Important Facts About Continuous Emission Monitoring

Continuous emission monitoring is used as a method to comply with government-mandated air emission standards, such as the Acid Rain Program that is operated by the Environmental Protection Agency (EPA) as well as other federal or state emission programs. Many businesses use emission monitoring systems to gather, document and record the required emissions data. In the past, this type of monitoring was used to record carbon dioxide and carbon monoxide levels, but now many different emission types can and have to be monitored.

Continuous emission monitoring equipment usually has sample probes, filters, sample lines, calibration gas system, gas conditioning system, and a number of gas analyzers for the specific parameters that are being monitored. Standard monitored emissions include: nitrogen oxides, sulfur dioxide, carbon dioxide, mercury, hydrogen chloride, volatile organic compounds, airborne particulate matter, and oxygen. Systems for continuous emission monitoring can also assess flue gas opacity, air flow, and moisture.

One common type of continuous emission monitoring equipment is the gas monitoring system. This system takes various readings at different intervals for smoke stack emissions or other gas byproducts. It will sound an alarm when emissions are approaching maximum limits. These important systems help manufacturers maintain their waste gas emissions within the federal government limits.
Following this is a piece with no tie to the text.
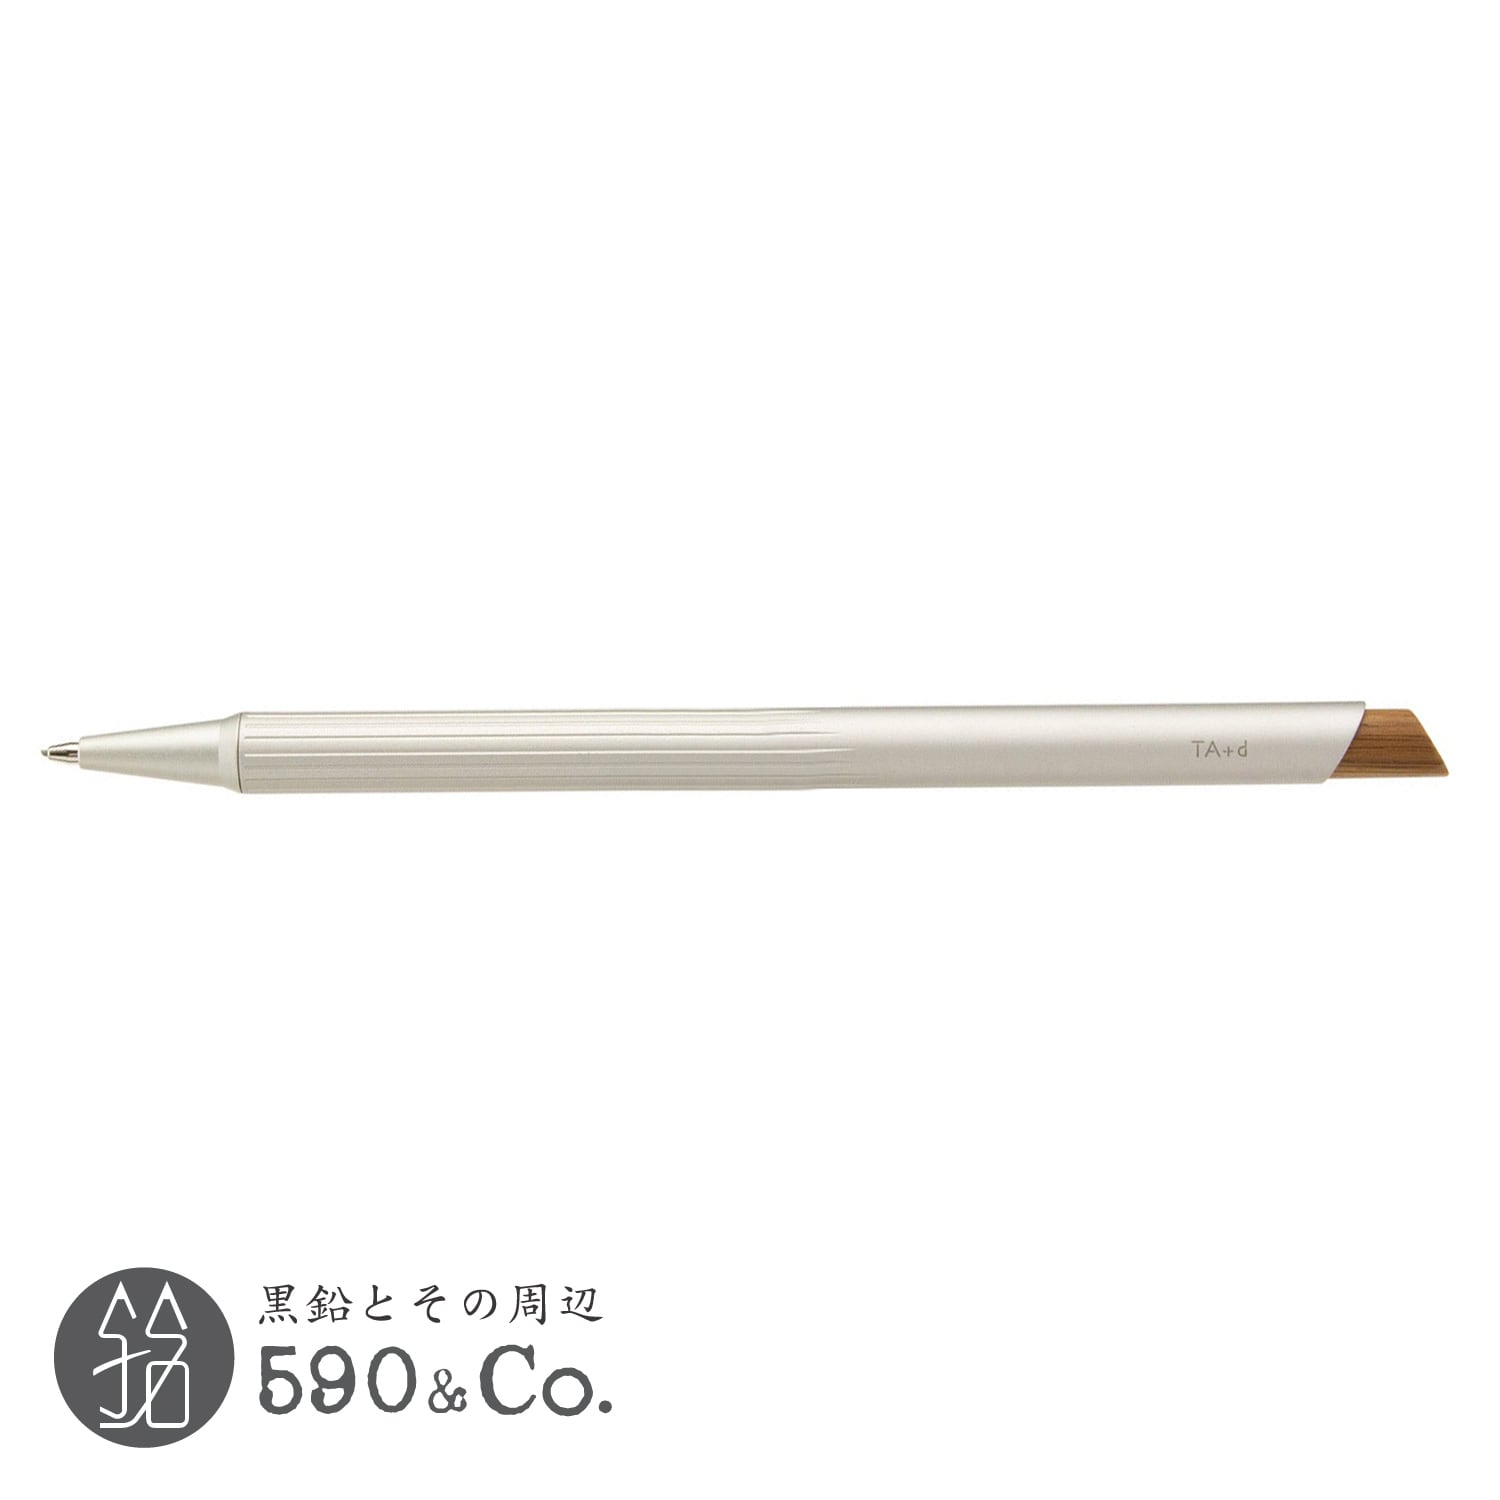 【TreAsia Design/TA+d】FIBER Bamboo Mechanical Pencil (シルバー) 590Co.
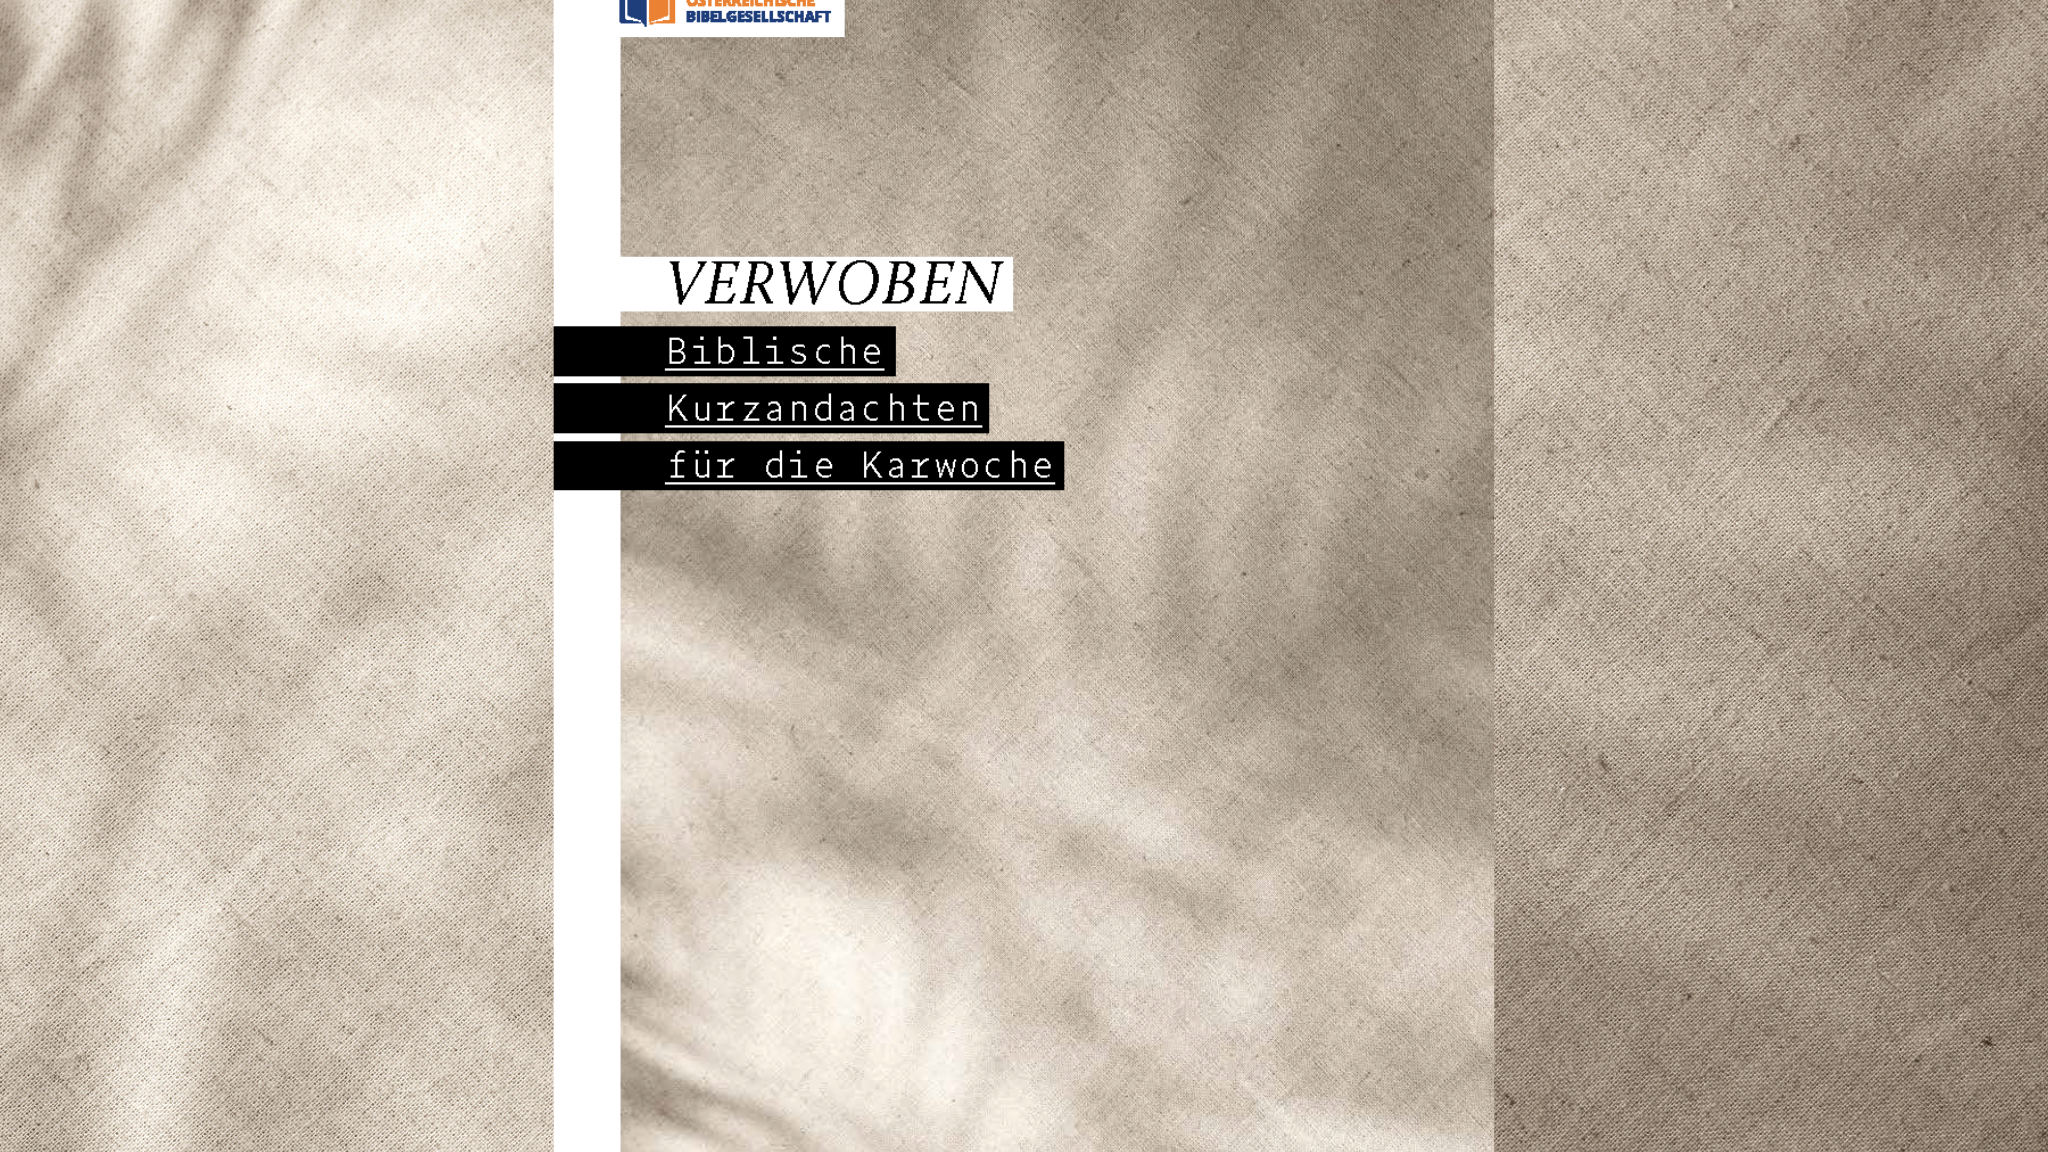 Das Cover der Osterbibellese "Verwoben"

In the United States, the EPA requires continuous emission monitoring systems to perform data acquisition as well as report the emission data. There are specific measurement requirements for different types of emissions. The EPA requires all monitoring systems to be operating on a continuous basis. The equipment has to be able to sample, evaluate, and record the data several times a day. Regular evaluations of the emission monitoring equipment also have to be documented and recorded. Accuracy of the continuous emission monitoring equipment is extremely important to record and analyze data correctly so as to keep harmful emission levels from contaminating the environment.